A team of researchers have made a significant discovery in the mechanism of brain swelling, paving the way to preventative treatment for severe to fatal brain damage following stroke, head injury or cardiac arrest. The team state the their new study research paves the way for a preventative drug treatment for severe brain damage following stroke, infection, head injury or cardiac arrest. By turning off a single gene, scientists from the Djavad Mowafaghian Centre for Brain Health (DMCBH) were able to stop fluid from accumulating in rodent brain cells. The opensource study is published in the journal Cell.
The team explain that brain swelling is a gradual process that becomes life-threatening days after the injury and is caused by an infusion of water and sodium chloride into the brain’s nerve cells. By identifying the mechanism behind the swelling, emergency physicians may in the future be better able to provide preemptive treatment, protecting the brain in the days that follow the initial trauma. The brain swells as the sodium chloride draws fluid into the nerve cells by osmosis. This swelling, known as cytotoxic edema, eventually kills brain cells.
In the current study the researchers used a special microscope to watch the cascade of events that took place within individual brain cells as they swelled. They then switched off the expression of different genes and were able to pinpoint a single protein, SLC26A11, that acts as a channel for chloride to enter nerve cells. The team hypothesize that when the chloride channels are turned off, the accumulation of fluid is stopped. The team have developed several novel technological approaches to identify the cascade of events that took place within individual brain cells as they swelled.
Previous studies have shown that sodium chloride accumulation in neurons is responsible for brain swelling, however, the current study shows how it’s getting into nerve cells, and presenting a new target to stop it from happening. To the team’s knowledge this is the first time anyone has been able to block its entry into the nerve cells.

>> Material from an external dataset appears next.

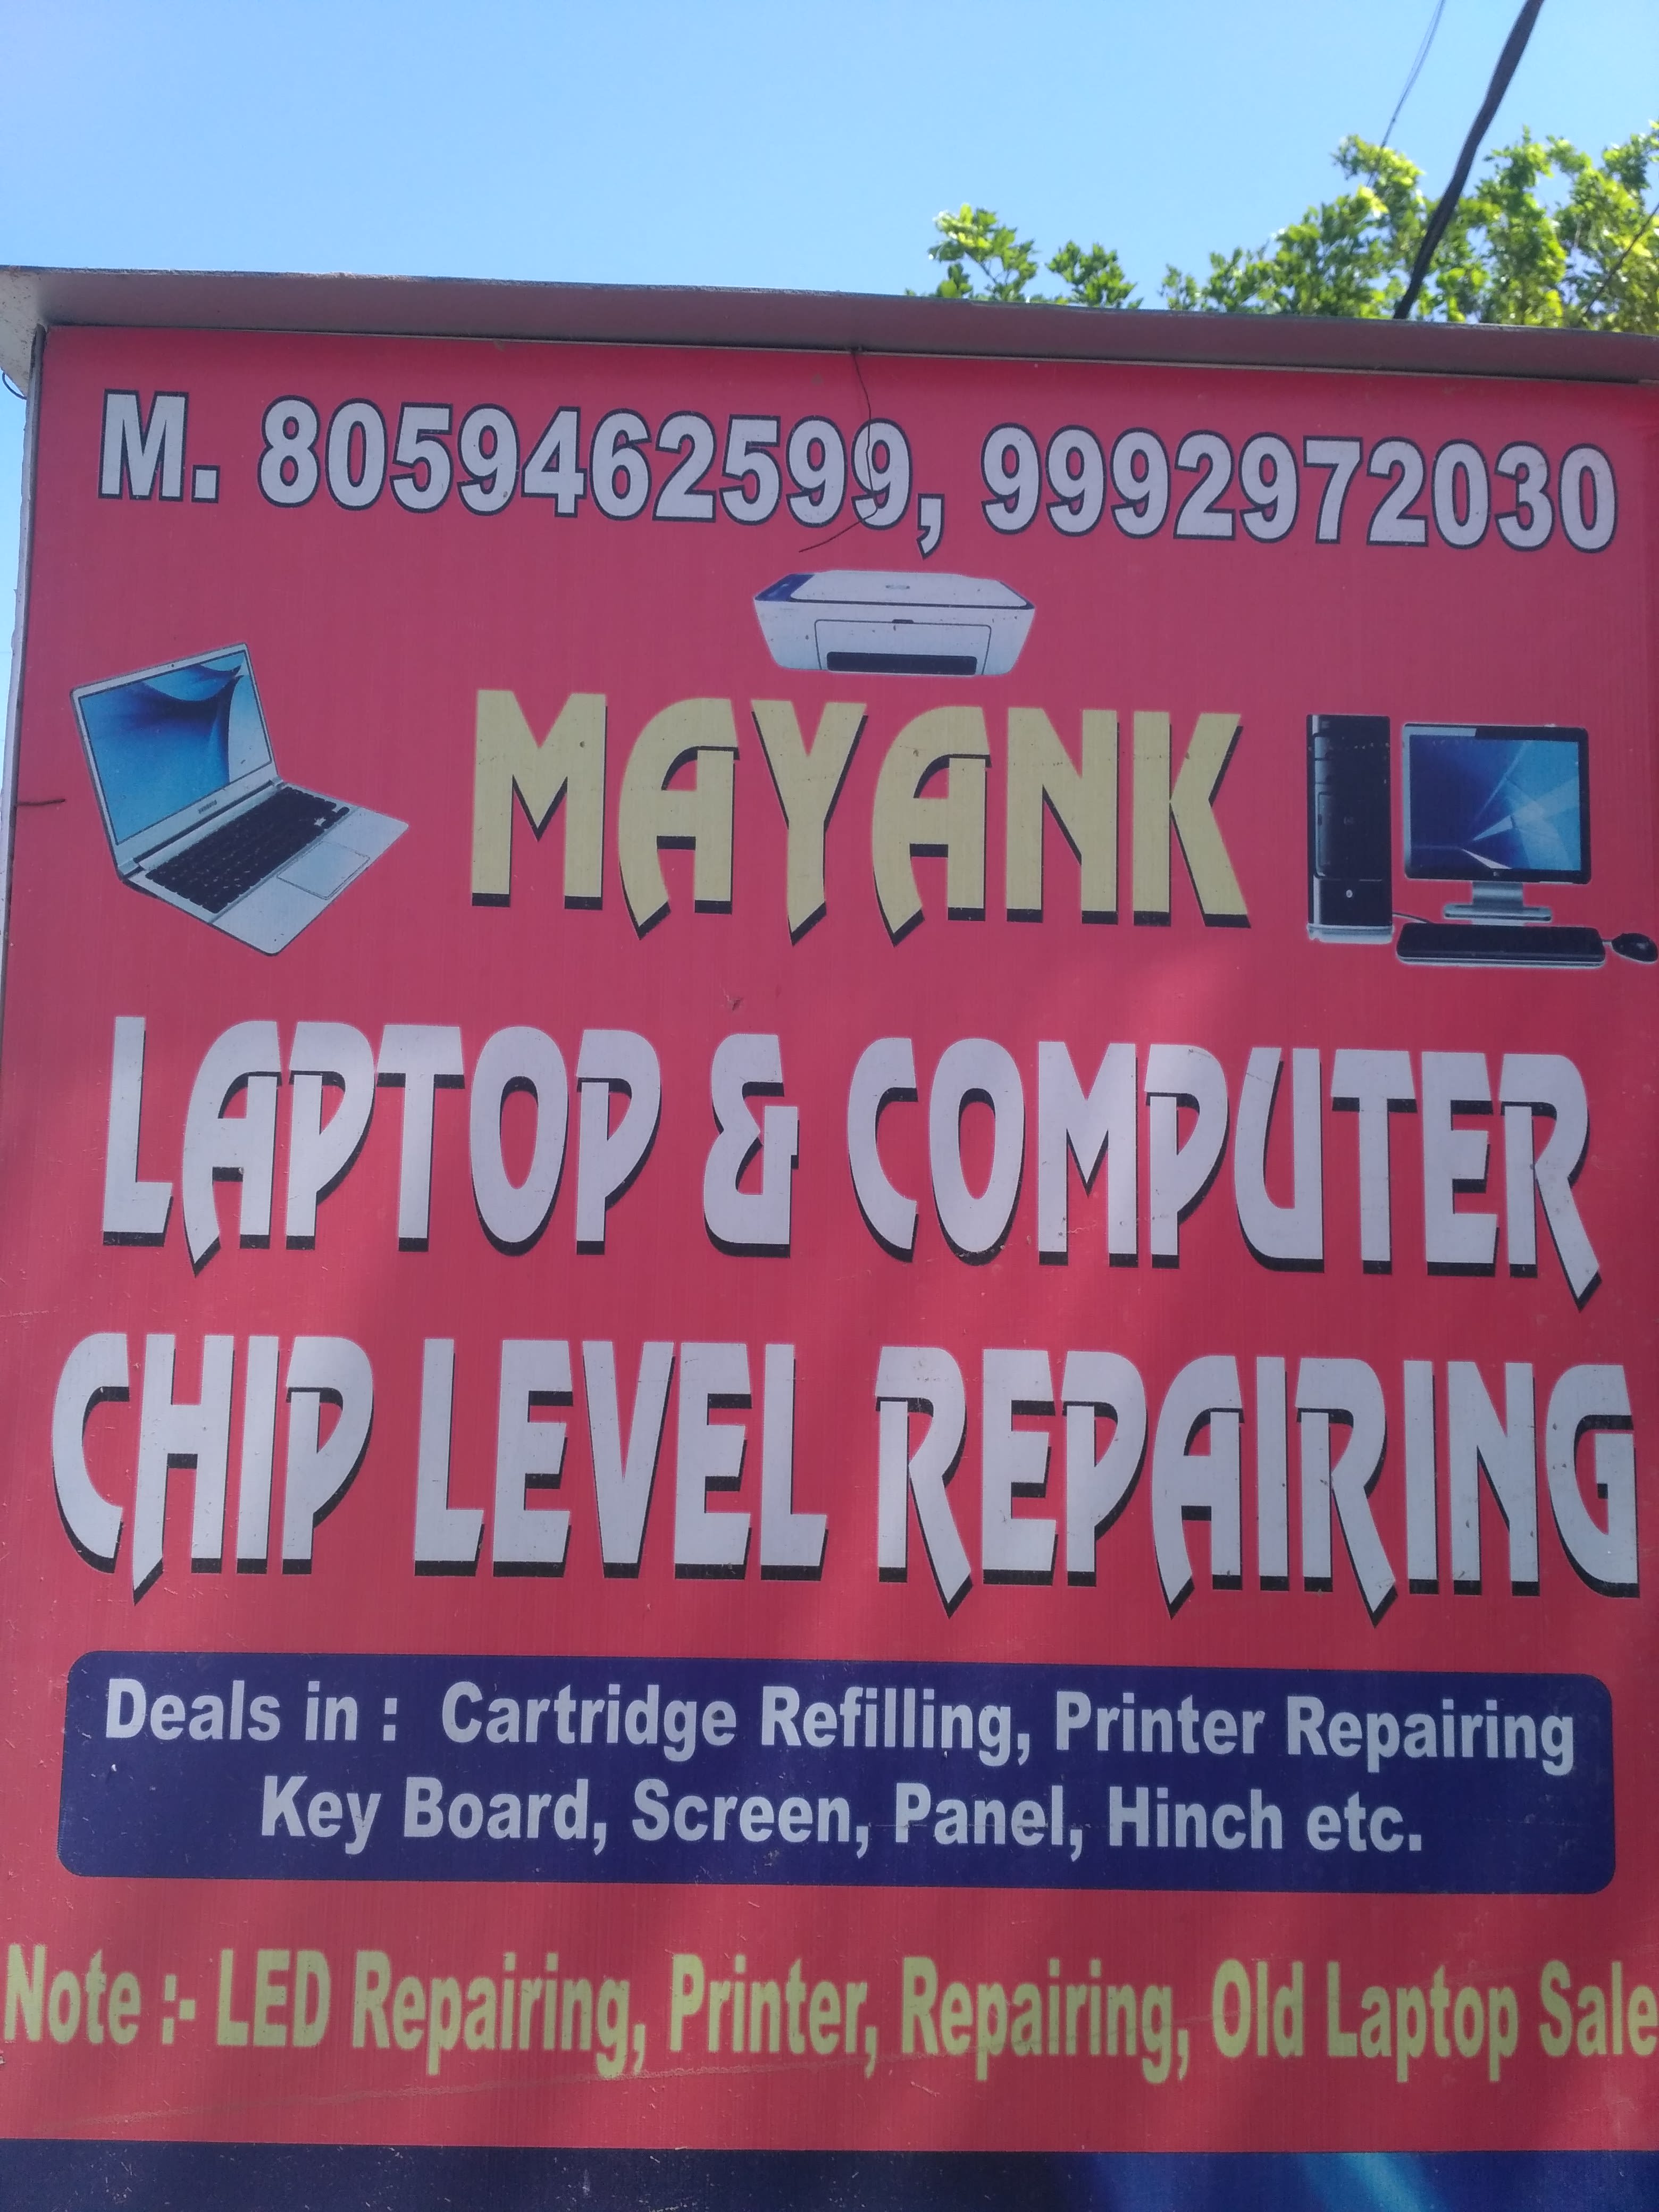 Mayank laptop & computer repairing

The researchers state that severe brain swelling is life threatening because the skull, which normally protects the brain, also limits its ability to expand. With increased pressure and nowhere to go, if the brain swells down towards the brain stem the centers that control breathing can be crushed. They go on to add that in cases where other treatment options fail, an operation called a decompressive craniectomy is sometimes performed where a portion of the skull is removed and the brain is allowed to swell out of the skull. Although extreme, it can save the patient’s life, but the procedure is not always effective, nor without complications. There’s an urgent need for new treatments.
The team note that although the technique in the current study does not work quickly enough to mitigate swelling in the case of real head trauma, the discovery has provided a target for drug development.
The researchers surmise that this discovery is significant, because it gives the medical community a target to inhibit the chloride channel and by doing so, inhibit the accumulation of fluid.